President GEORGE W. BUSH: I don't think we're headed to a recession, but no question we're in a slow down. I mean, that's why we acted, and acted strongly, with over $150 billion worth of pro-growth economic incentives.

MONTAGNE: And what, then, does the president want from Congress?

NAYLOR: Well, a couple of things. He wants them to approve measures aimed at helping homeowners facing foreclosure and some tax benefits for homebuilders, but he doesn't a bill in the Senate that would allow bankruptcy court judges to change the terms of mortgages for homeowners facing foreclosure. And he also seemed to be telling Congress to hold off on passing another stimulus bill until we know if their first one is working. And, of course, he also put in a pitch to make - for Congress to make permanent his tax cuts, but that's something that they're not going to do.

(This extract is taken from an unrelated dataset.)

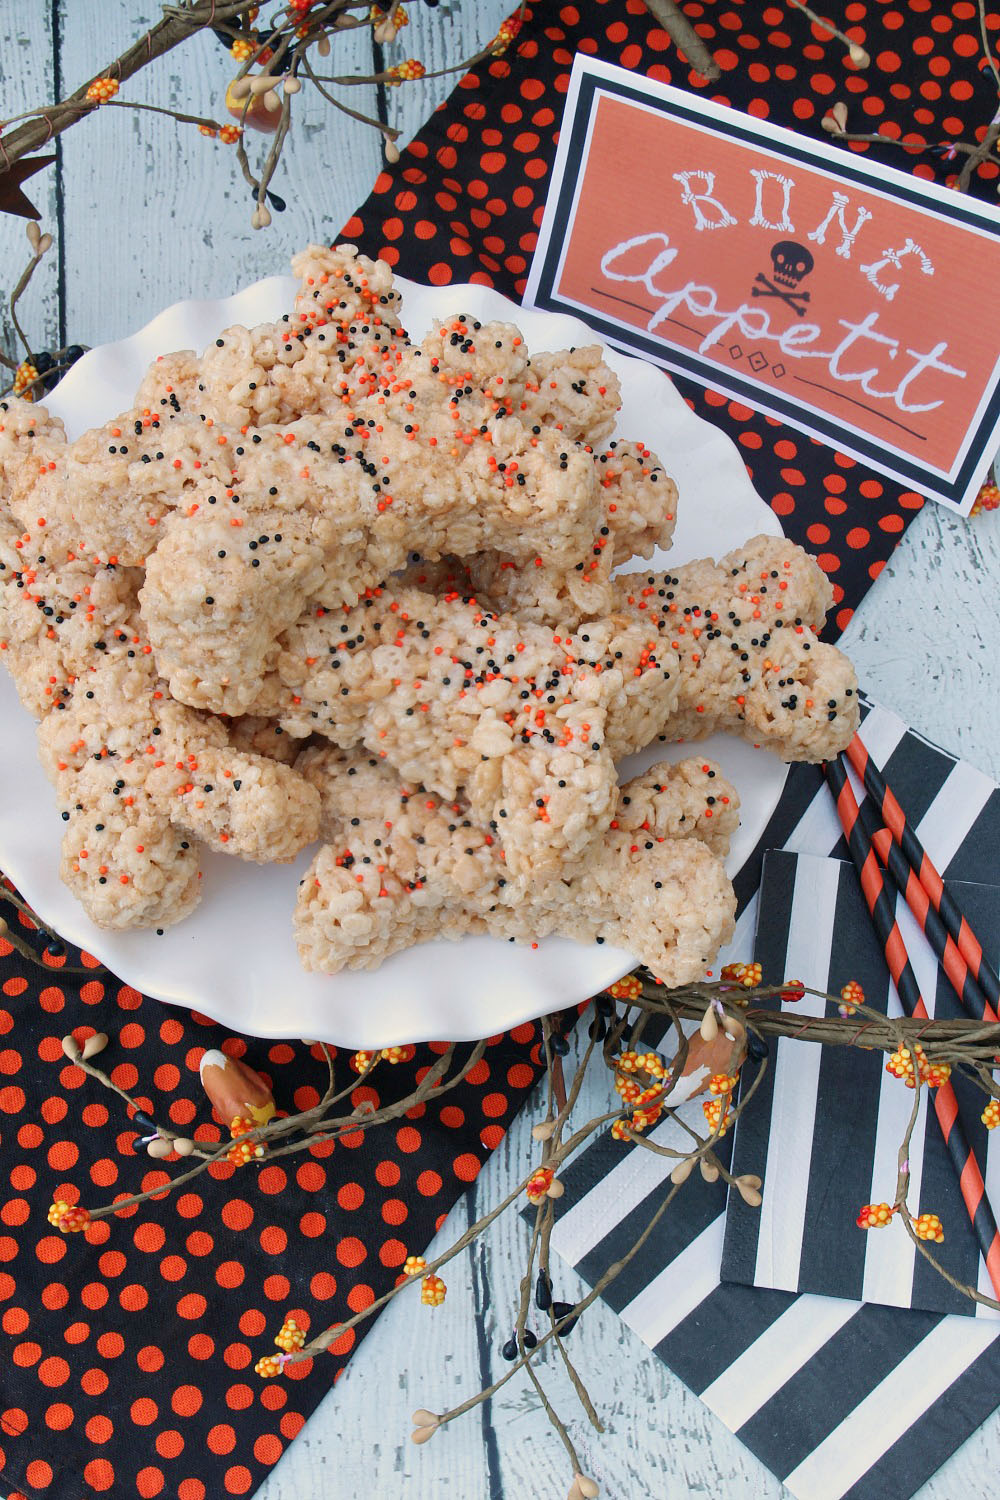 Halloween Bones Rice Krispie Treats. These would be so cute for Halloween parties or Halloween class treats! Free printable too!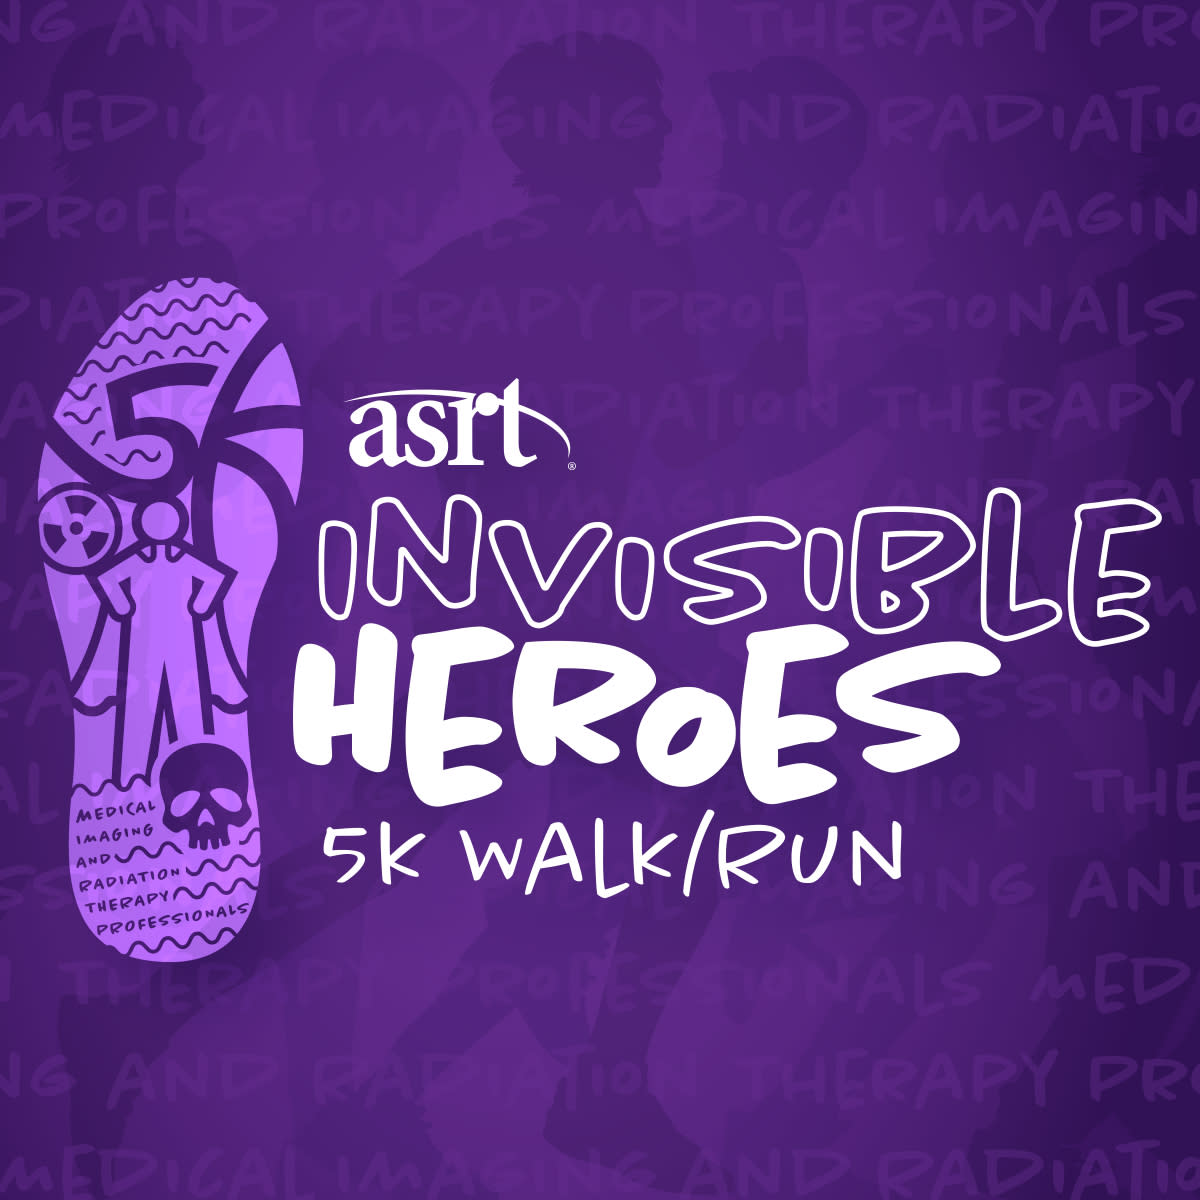 Join Us in Supporting the ASRT Invisible Heroes 5K Walk/Run

MONTAGNE: And the president also aimed comments on the war in Iraq to lawmakers who've criticized his policies there. Let's take a listen to a bit of that.

Pres. BUSH: It's interesting that many of the same people who once accused me of refusing to acknowledge setbacks in Iraq now are the ones who are refusing to acknowledge progress in Iraq.

MONTAGNE: Brian, where's the debate headed in Congress?

NAYLOR: The Senate for the past couple of days has been debating a measure that calls for the withdrawal of most US forces from Iraq in four months. That bill isn't going to pass. But there's going to be another fight down the road not too far when the president presents his proposal for funding the troops. Congress is going to be asked to provide more money than they're going to want, and we'll see this debate rekindled.

MONTAGNE: And, finally, the president was asked several times about the presidential campaign.

NAYLOR: Yeah. You know, he said - he kept saying, well, I'm not going to get involved in this, but he did. And he was very critical of positions taken by Democratic Senator Barack Obama in particular. In a debate the other night, Obama said - and, you know, I'm paraphrasing - he said he would remove troops from Iraq unless there was evidence al-Qaida was trying to build a base there. Well, the president said that's just what al-Qaida has been trying to do for the last four years. He also criticized the notion the US should meet with its adversaries, such as the new leader in Cuba, Raul Castro. The president said that would give stature to a regime that has abused human rights. That's something Obama has said that he would be willing to consider. Of course, the president then went on to defend his upcoming meeting with China's leader.

MONTAGNE: Brian, thanks very much.

NAYLOR: Thanks, Renee.

MONTAGNE: Brian Naylor is speaking to us from the Capitol about President Bush's recent press conference just early this morning. This is NPR News.